I tried to write a simple code to reproduce the issue. Unfortunately, I did not observe the MPI Comm duplication issue, but I can see some memory leakage.

from mpi4py import MPI
import dolfinx as dlx
import dolfinx.fem.petsc
import ufl

def run(Vh):
    u = dlx.fem.Function(Vh)
    v = ufl.TestFunction(Vh)
    form = dlx.fem.form( ufl.inner(u,v)*ufl.dx )
    vec = dlx.fem.petsc.assemble_vector(form)    

if __name__=='__main__':
    comm = MPI.COMM_WORLD
    rank = comm.rank

    mesh = dlx.mesh.create_unit_square(MPI.COMM_WORLD, 8, 8, dlx.mesh.CellType.quadrilateral)
    V = dlx.fem.FunctionSpace(mesh, ("Lagrange", 1 ) )

    for i in range(2**32-1):
        if (i % 10 == 0) and (rank == 0): print(i)

I run this snippet using 8 processors. At the beginning the memory allocation was about ~300MB per process and after about 1 hour of running is ~3.5GB per process.

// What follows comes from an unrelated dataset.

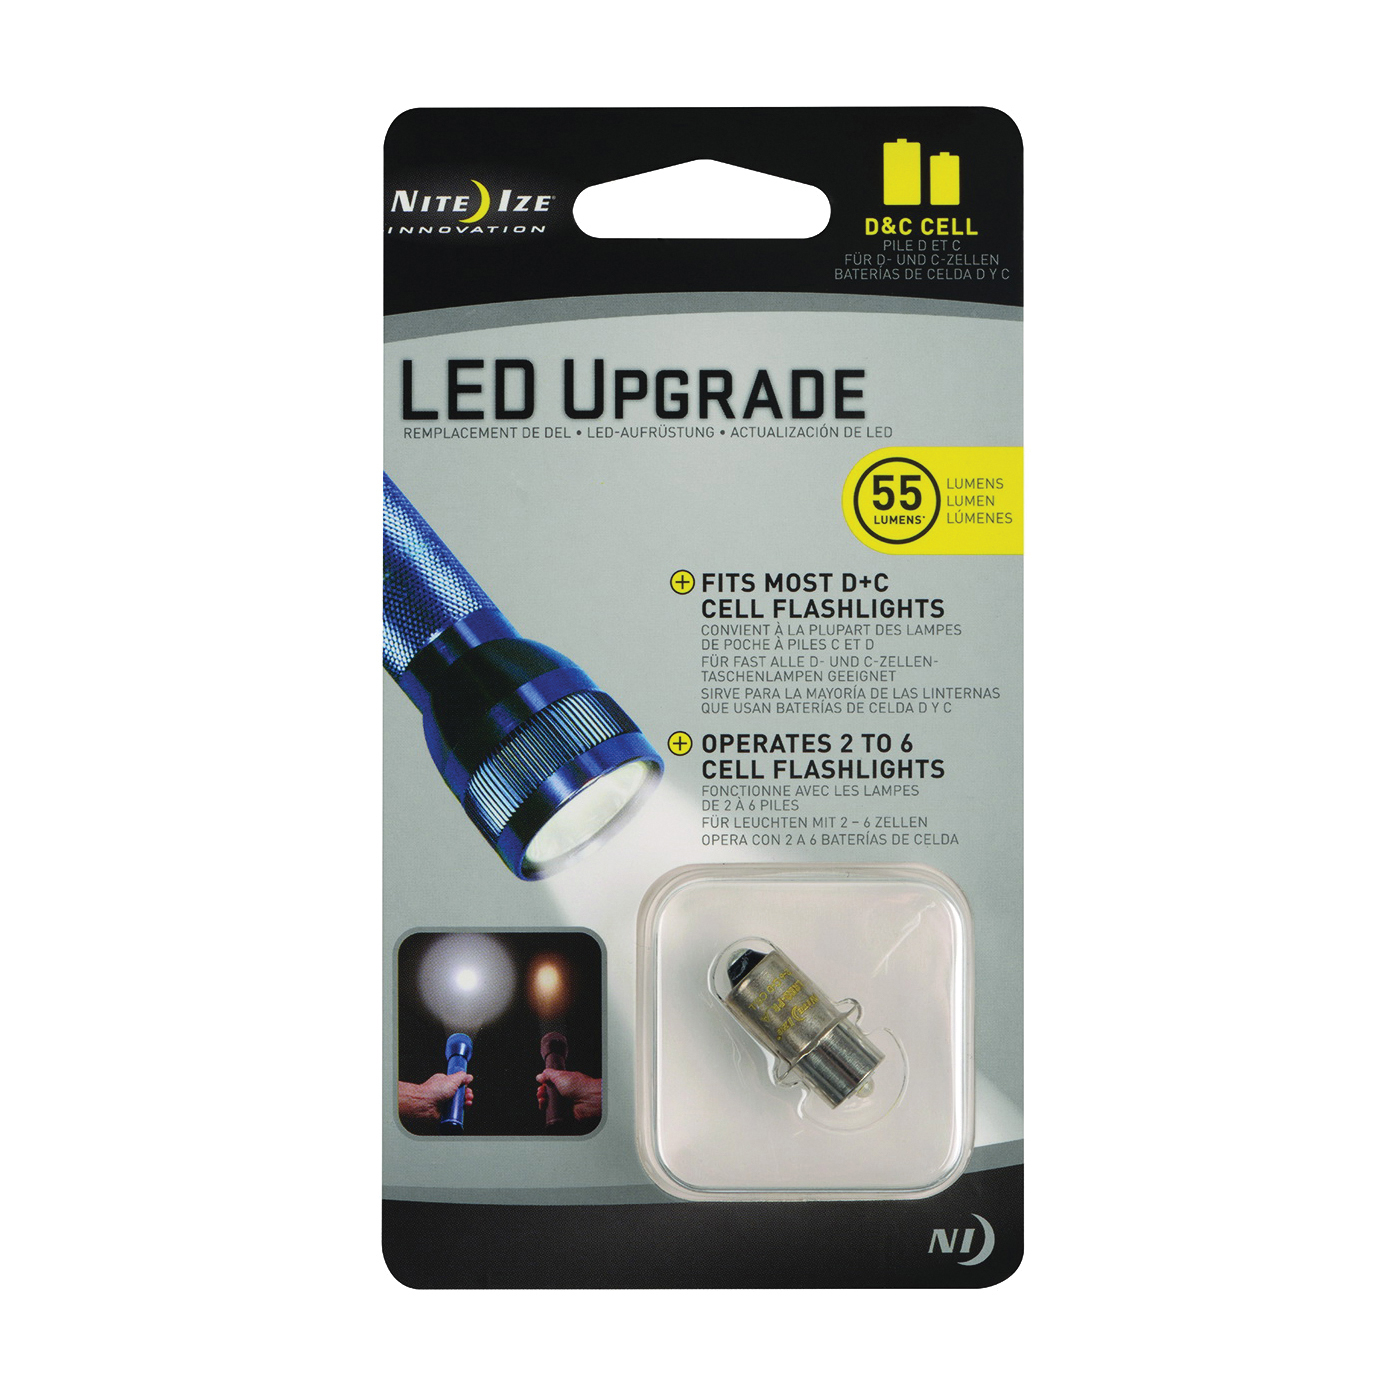 Picture of Nite Ize LRB2-07-PR LED Upgrade Kit, 55 Lumens
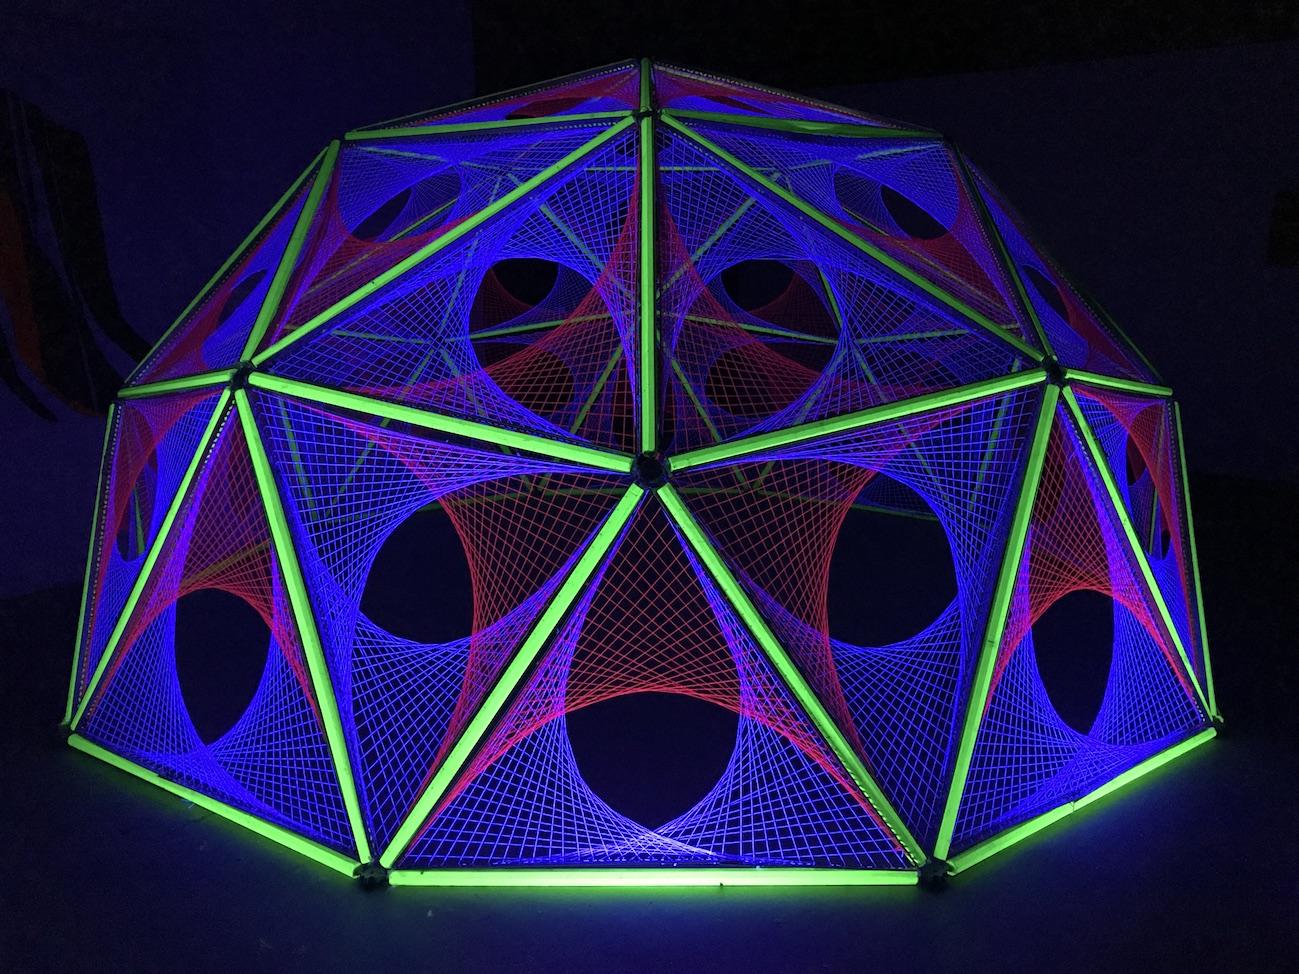 2-spectra-light-art-ultra-violet-black-aberdeen-dome-hub-geodesic-parabola.jpg

I'm running FeniCS through conda on an Intel MacOS laptop. (python-3.10, fenics-libdolfinx 0.7.0 h2cc1089_100

jorgensd commented 8 months ago

I've been running your script through docker (v0.7.3) for 100 % of the runtime (using 3 processes), and see no increase in memory usage:/

Could you try adding explicit usage of

import gc
# Add code here

for i in range(N):
    # Define u, mesh etc.
   del u, mesh
   gc.collect()

uvilla commented 8 months ago

@jorgensd : Thank you for your prompt reply.

I tried using the docker container as you recommended. The increase in memory is much less significant than using conda but still present.

For example (again with 8 processors) I observed an increase of a factor 8 in memory usage (monitored using the top command) between iteration 100 and 60,000 (the example above has been running for about 4 hours). Memory usage at iteration 100 was about 82MB per processor but it climbed to 665MB at iteration 60,000.

jorgensd commented 8 months ago

from mpi4py import MPI import dolfinx as dlx import dolfinx.fem.petsc import ufl

def run(Vh): u = dlx.fem.Function(Vh) v = ufl.TestFunction(Vh) form = dlx.fem.form( ufl.inner(u,v)*ufl.dx ) vec = dlx.fem.petsc.assemble_vector(form)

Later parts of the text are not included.